**DATASET EXCERPT:**
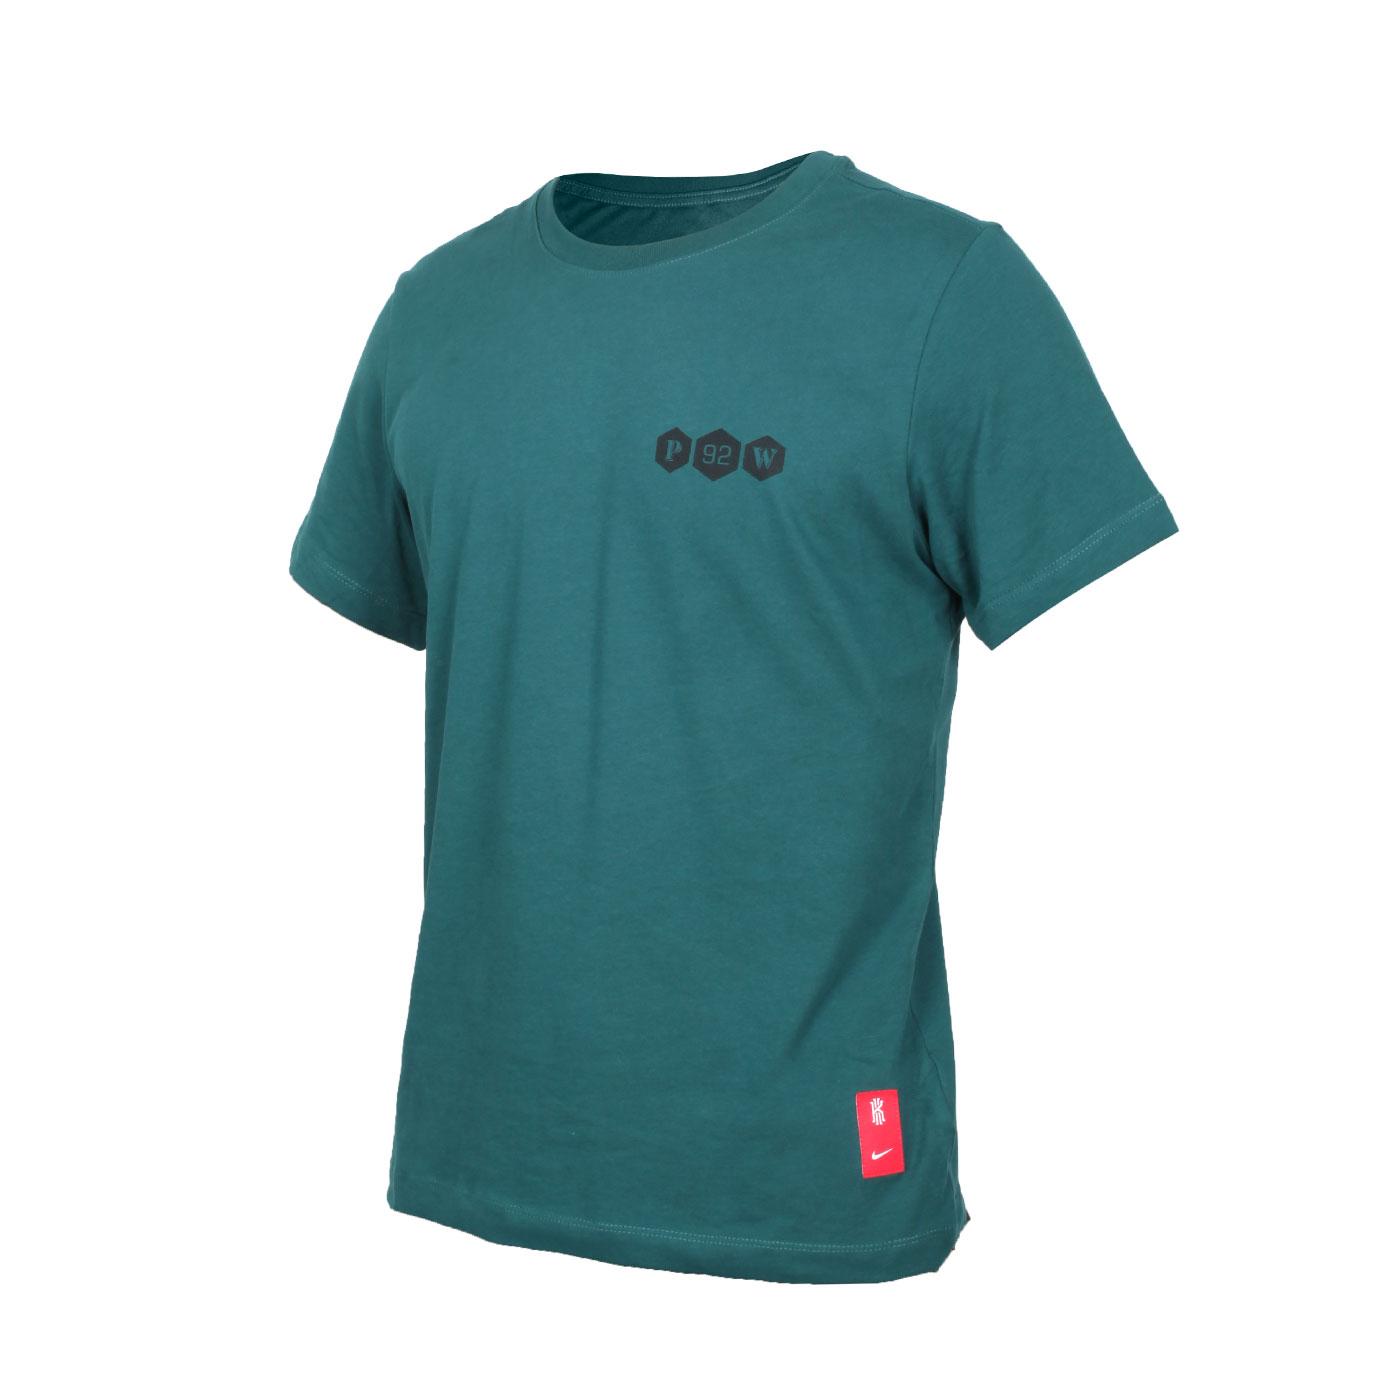 NIKE 男款短袖T恤 CV2061-300 - 深綠黑
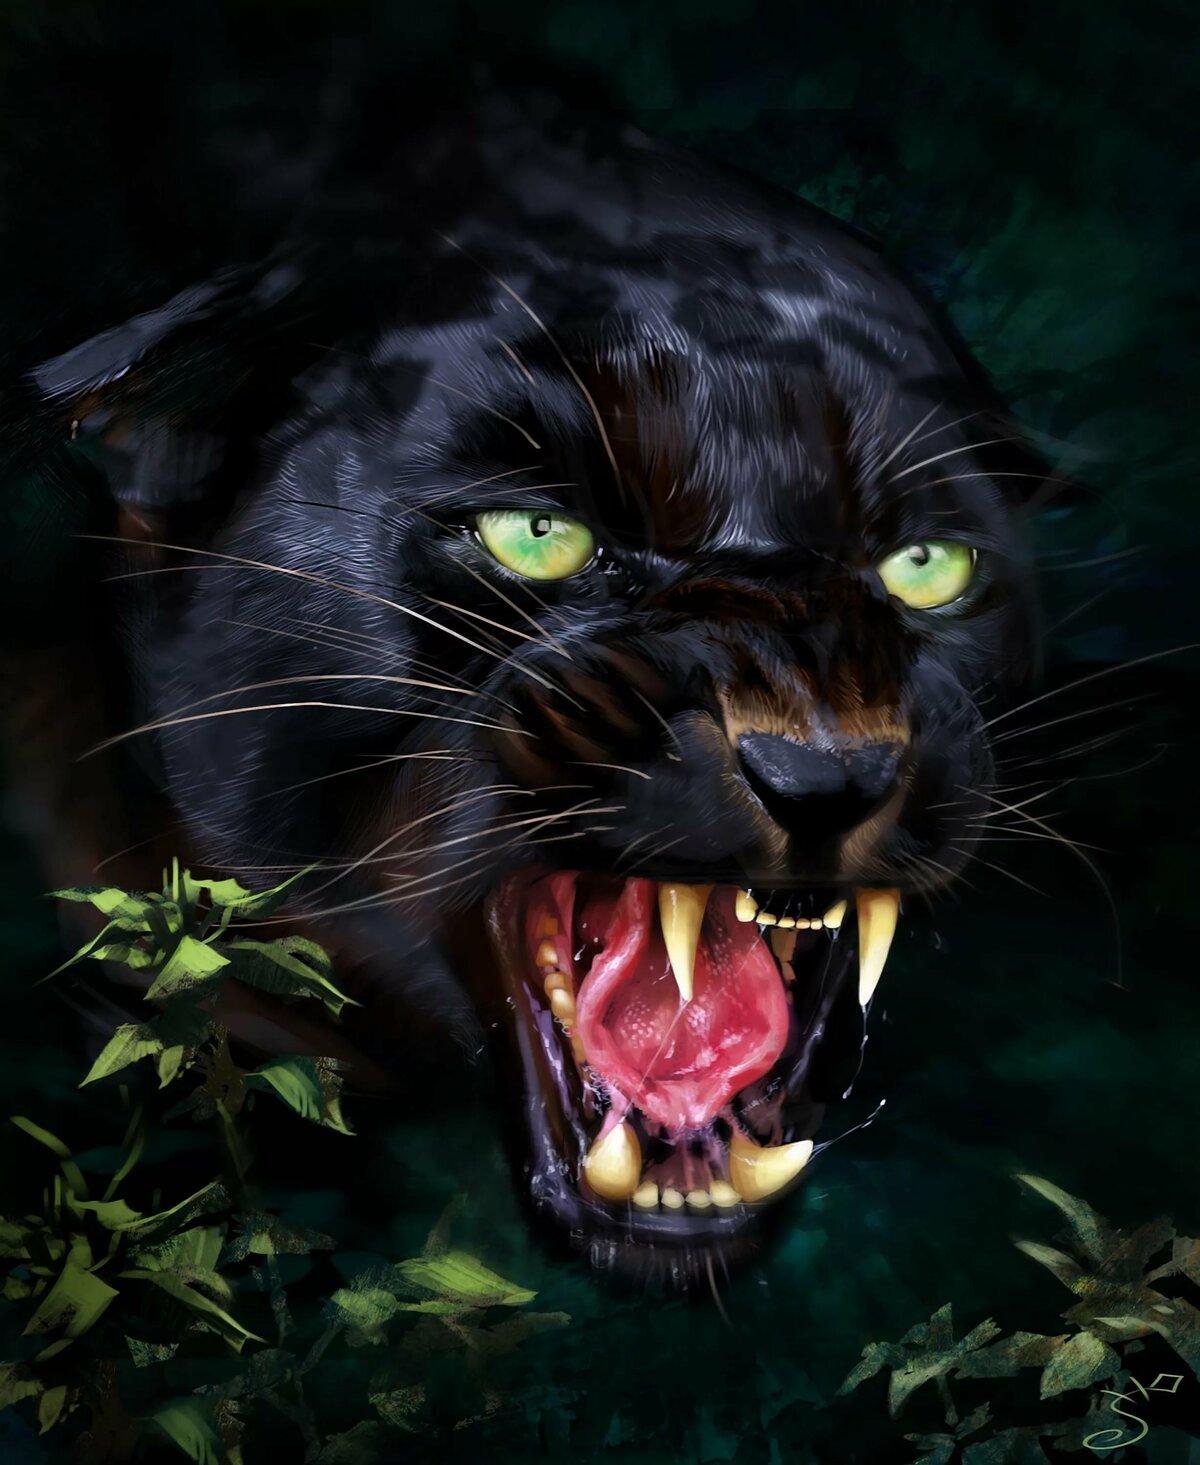 картинка оскала черной пантеры был
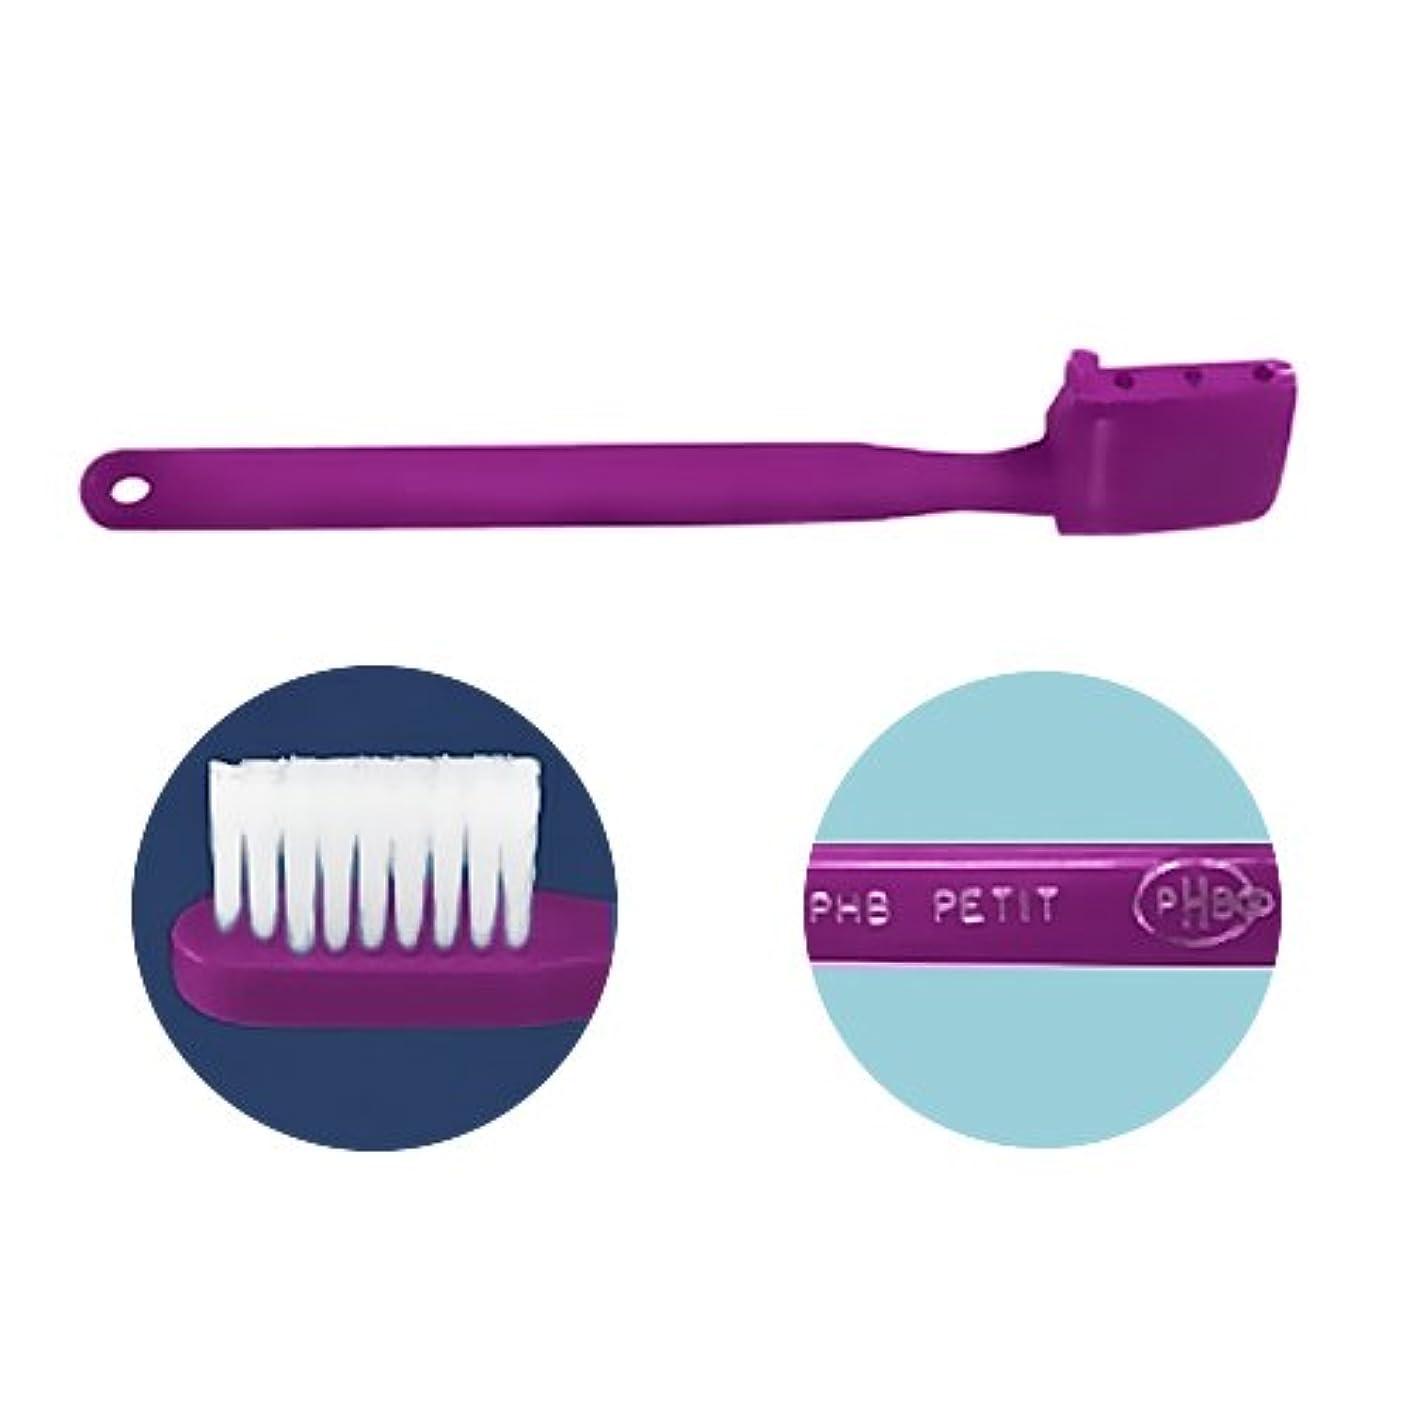 ブラウス拍手証言するPHB 歯ブラシ プチサイズ 1本 ネオンパープル

**TASK OBJECTIVE:**
The required output is the listing above reproduced exactly, pictures removed.

**ANSWER TO THE EXERCISE:**
 NIKE 男款短袖T恤 CV2061-300 - 深綠黑
 картинка оскала черной пантеры был
 ブラウス拍手証言するPHB 歯ブラシ プチサイズ 1本 ネオンパープル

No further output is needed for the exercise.